The fsck code does not operate within a specific subvolume or snapshot ID - we
have to iterate over and process keys in natural btree order, for performance.
From fsck's point of view, any key that points to another key may now point to
multiple versions of that key in different snapshots.

For example, given a dirent that points to an inode, we search for the first
inode with a snapshot ID equal to or an ancestor of the snapshot ID of the
dirent - a normal `BTREE_ITER_FILTER_WHITEOUTS` lookup, but using the snapshot
ID of the dirent, not the subvolume - this key should exist, if the dirent
points to a valid inode. Additionally, the dirent also references inodes at that
position in snapshot IDs that are descendends of the dirent's snapshot ID -
provided a newer dirent in a snapshot ID equal to or ancestor of the inode's
snapshot ID doesn't exist.

## Repair:

If we repair an inconsistency by deleting a key, we need to ensure that key is
not referenced by child snapshots. For example, if we find an extent that does
not have an `S_ISREG` inode, currently we delete it. But we might find an extent
that doesn't have a corresponding inode in with a snapshot ID equal to or
ancestor to the extents snapshot ID, but does have an inode in a child snapshot.
If that were to occur, we should probably copy that inode to the extent's
snapshot ID.

We would like it to be as hard a rule as possible that fsck never deletes or
modifies keys that belong to interior node snapshot IDs, because when people are
using snapshots they'll generally want the data in that snapshot to always stay
intact and it would be rather bad form if data was torched due to a bug in fsck.

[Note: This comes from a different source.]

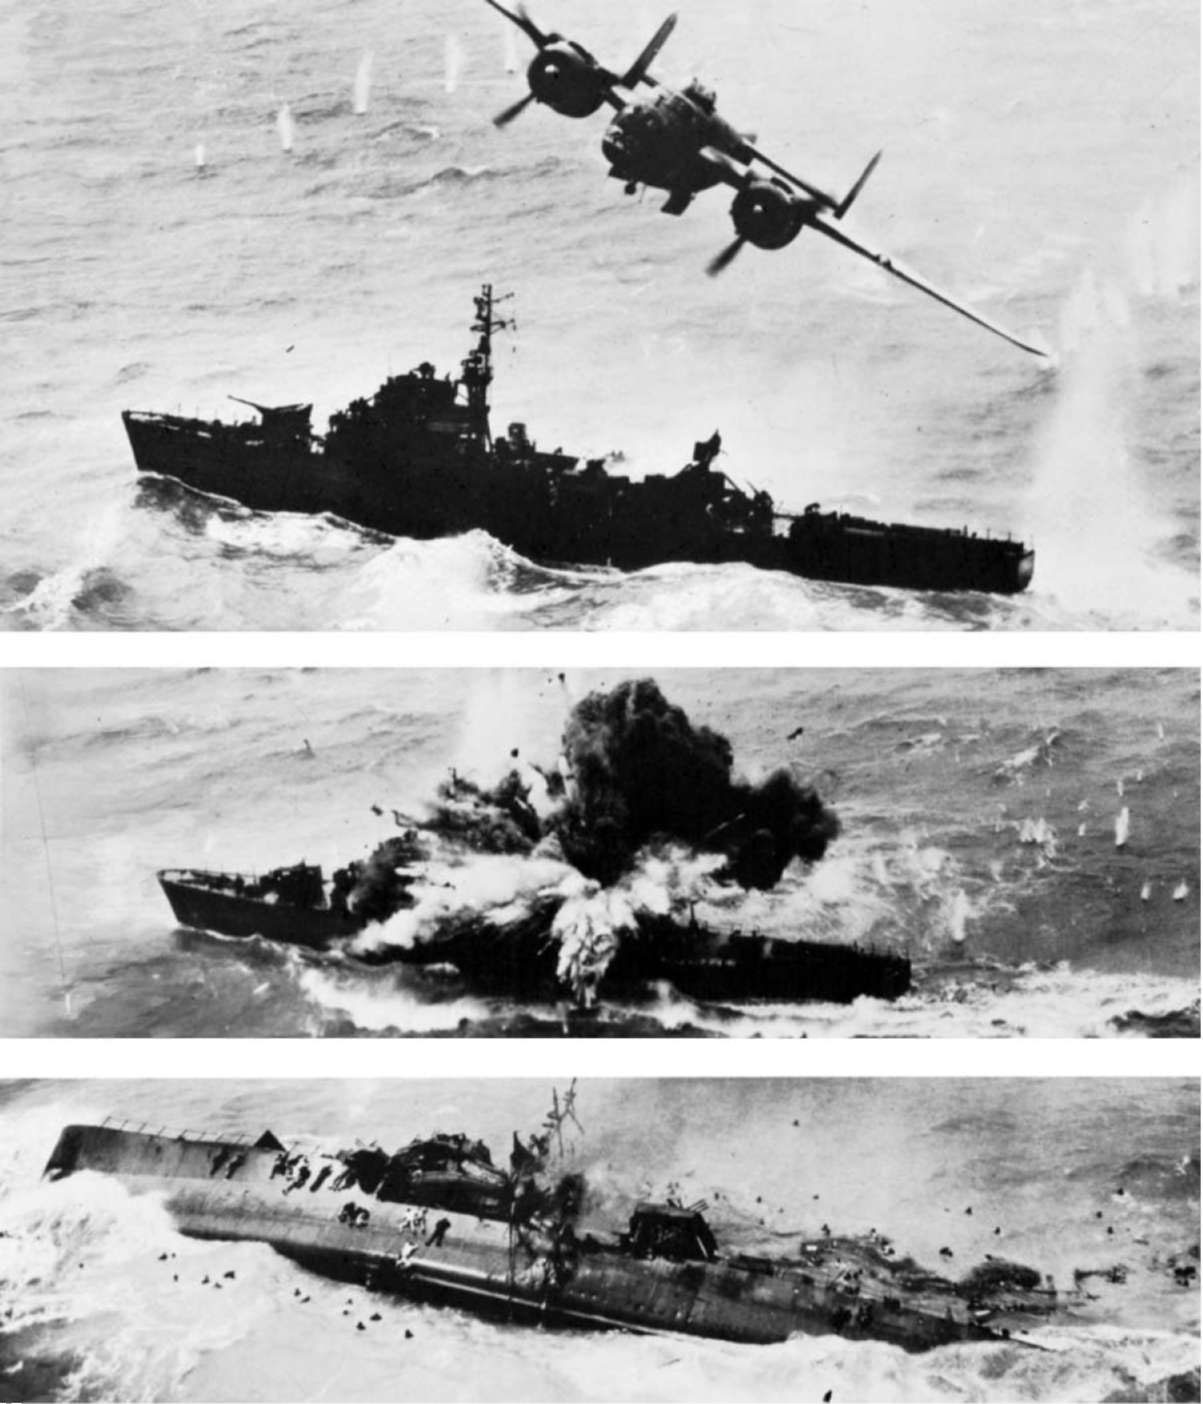 07 - USAAF B-25 sinks Japanese destroyer Amatsukaze off the coast of Xiamen China 6 April 1945

It may not be possible to adhere to this rule while fixing all filesystem
inconsistencies - e.g. if extents exist above an inode's `i_size`, then
generally speaking the right thing to do is to delete that extent. But if we
find inconsistencies in at interior node snapshot IDs, then perhaps the best
thing to do would be to just leave it, or only apply changes in leaf node
snapshot IDs. 

Algorithmic considerations:
===========================

We want bcachefs to scale well into the millions of snapshots. This means that
there can't generally be operations that have to run for each subvolume or
snapshot - the fsck algorithms have to work one key at a time, processing them
in natural btree order.

This means that the extents, dirents and xattrs passes need to use
`BTREE_ITER_ALL_SNAPSHOTS`, meaning that as they walk keys for a given inode,
they'll be seeing keys from every snapshot version mixed together - and there
will be multiple versions of the inode, in different snapshots, that they need
to be checked against.

There's a helper in the fsck code that these passes use, `walk_inode()`, that
fetches the inode for the current inode number when it changes. This will
probably change to load every copy of that inode, in each snapshot ID. Also,
where we have to maintain state we'll have to duplicate that state for every
snapshot ID that exists at that inode number.

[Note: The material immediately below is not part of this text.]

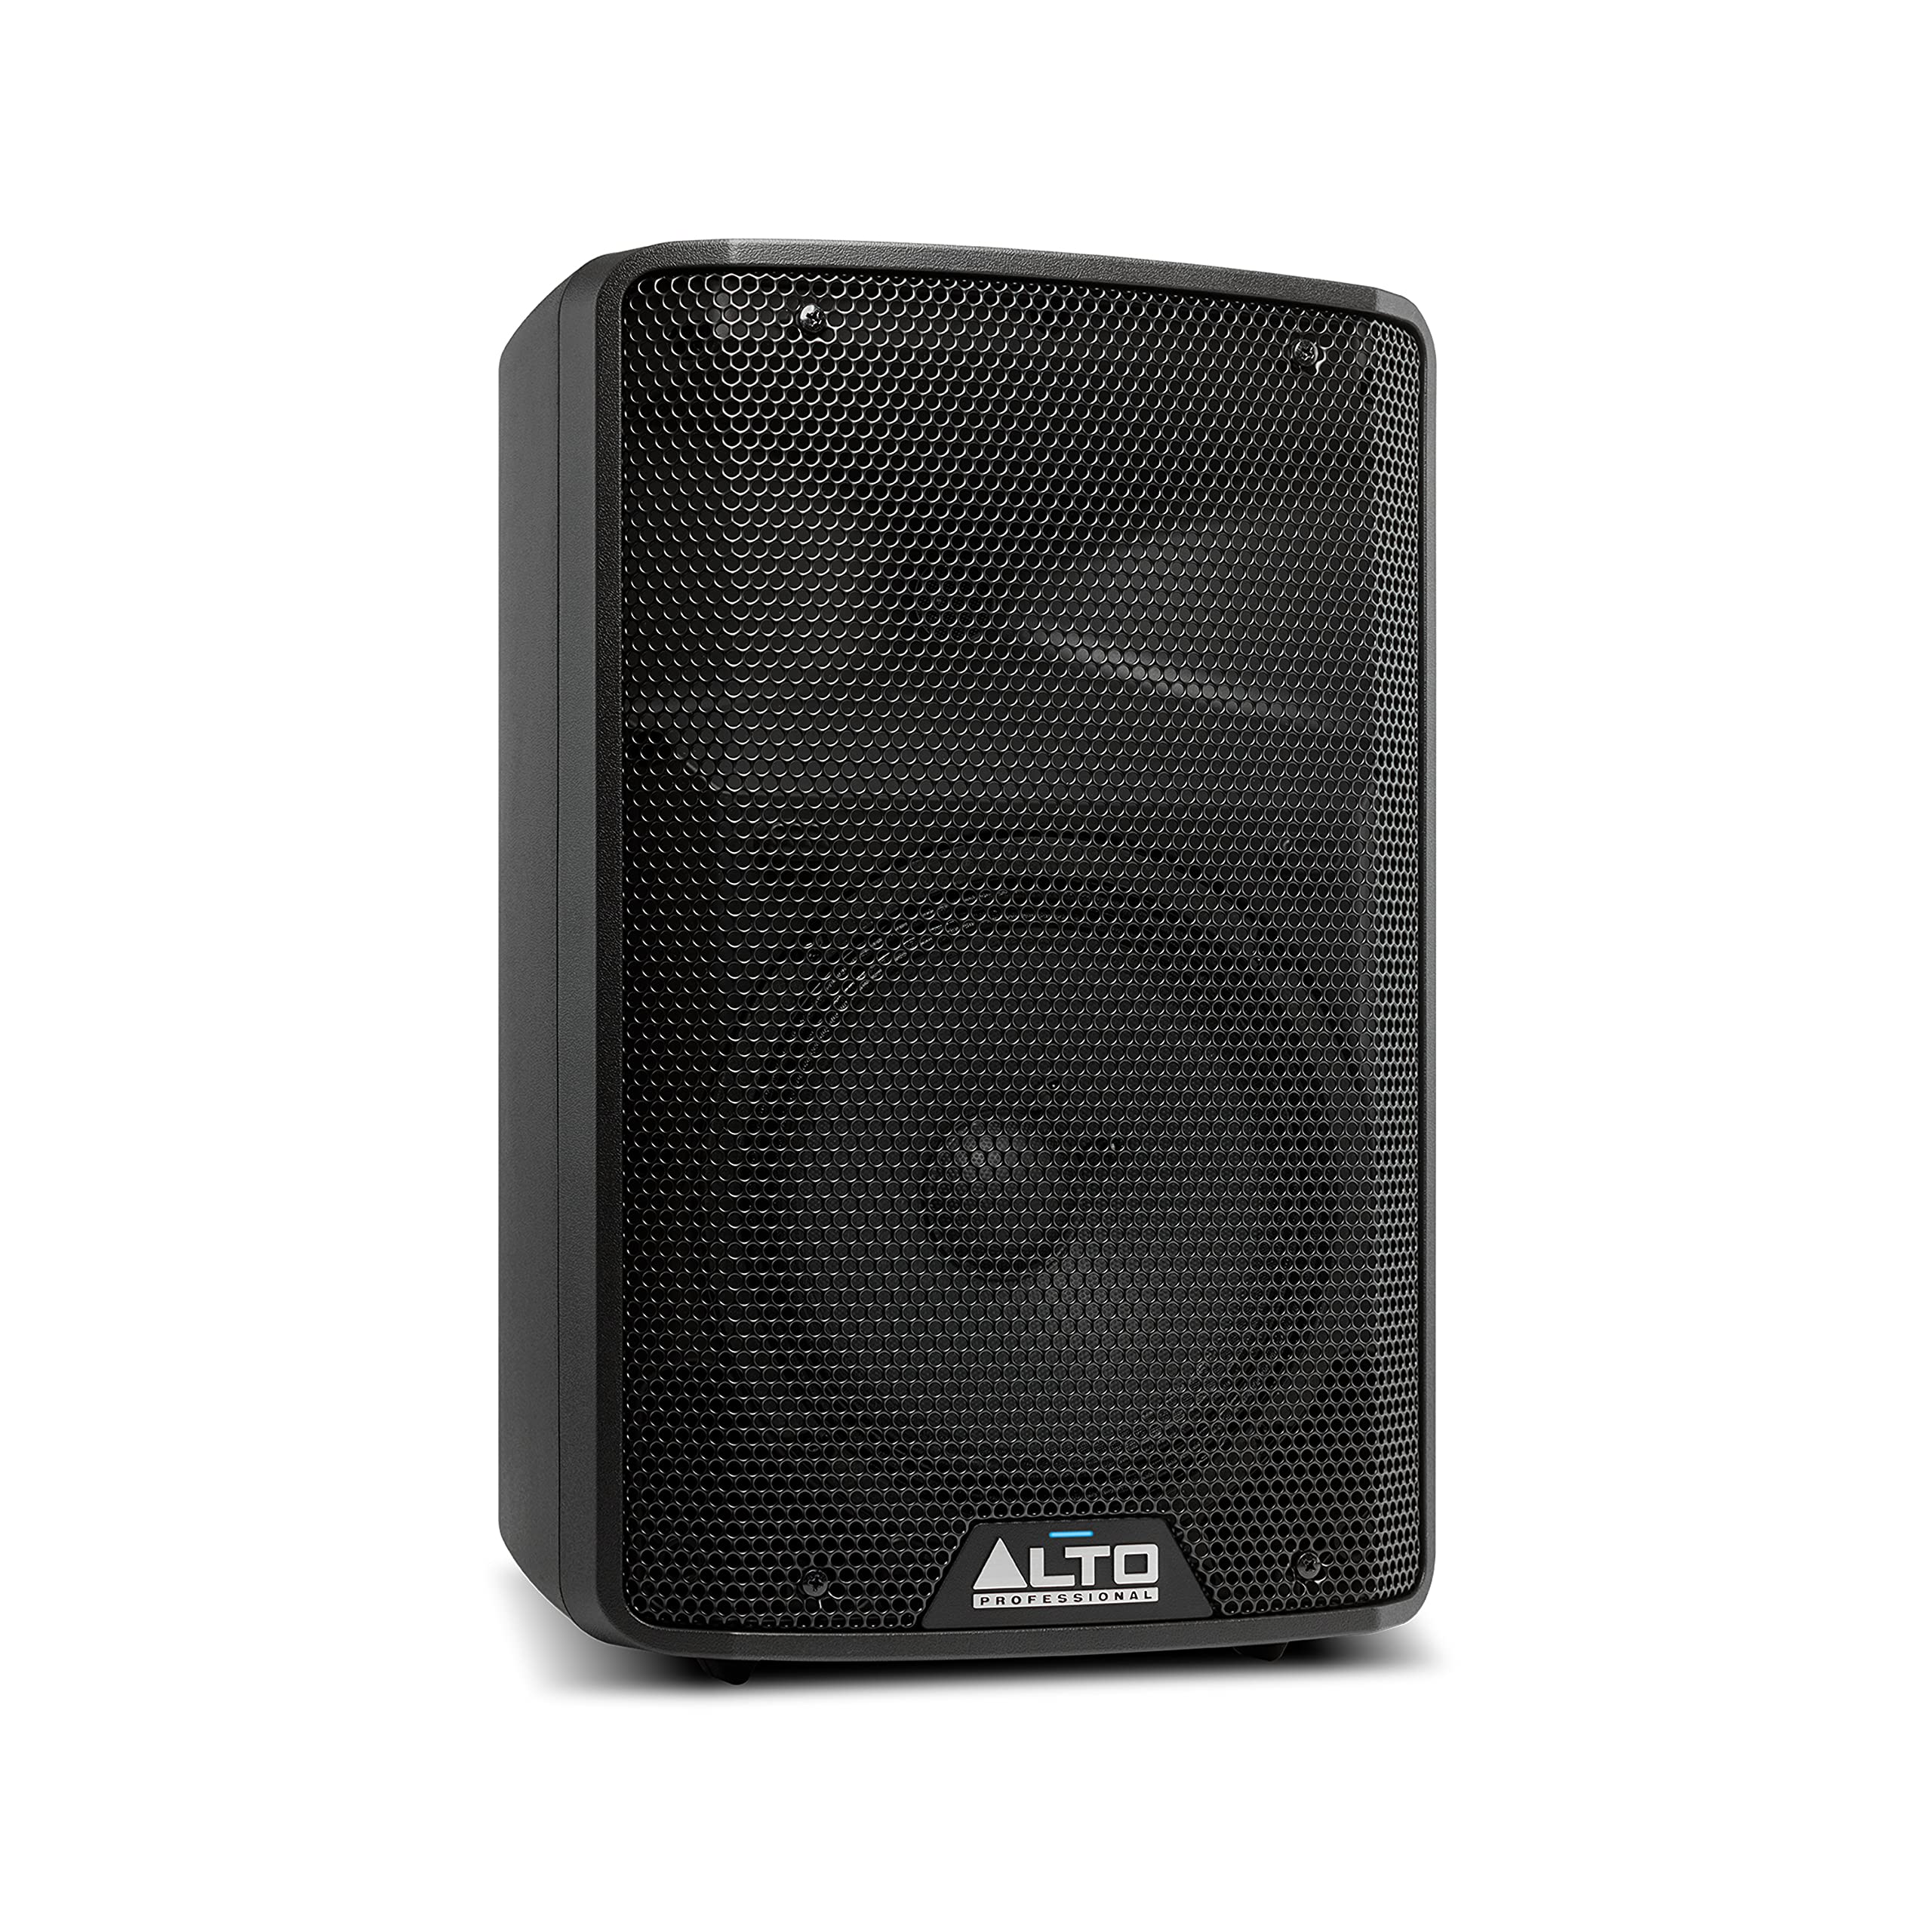 Alto Professional 带 8 英寸低音扬声器的 PA 扬声器，适用于移动 DJ 和音乐家、小型场地、仪式和体育赛事

We'll also need to know, for every key that we process, which snapshot IDs it is
visible in: so that e.g. the extents pass can correctly count `i_sectors`.

Note that "millions of snapshots" will not _typically_ mean "millions of snaphot
IDs at the same time" - when we allocate new inodes we pick inode numbers that
aren't in use in any other snapshot or subvolume, and most files in a filesytem
are created, written to once and then later atomically replaced with a rename
call. When we're dealing with a file that keys with many different snapshot IDs
we need to make sure we don't have any hidden O(n^2) algorithms, but if fsck
requires in the hundreds of megabytes of state to check these files with worst
case numbers of overwrites, that's not the end of the world.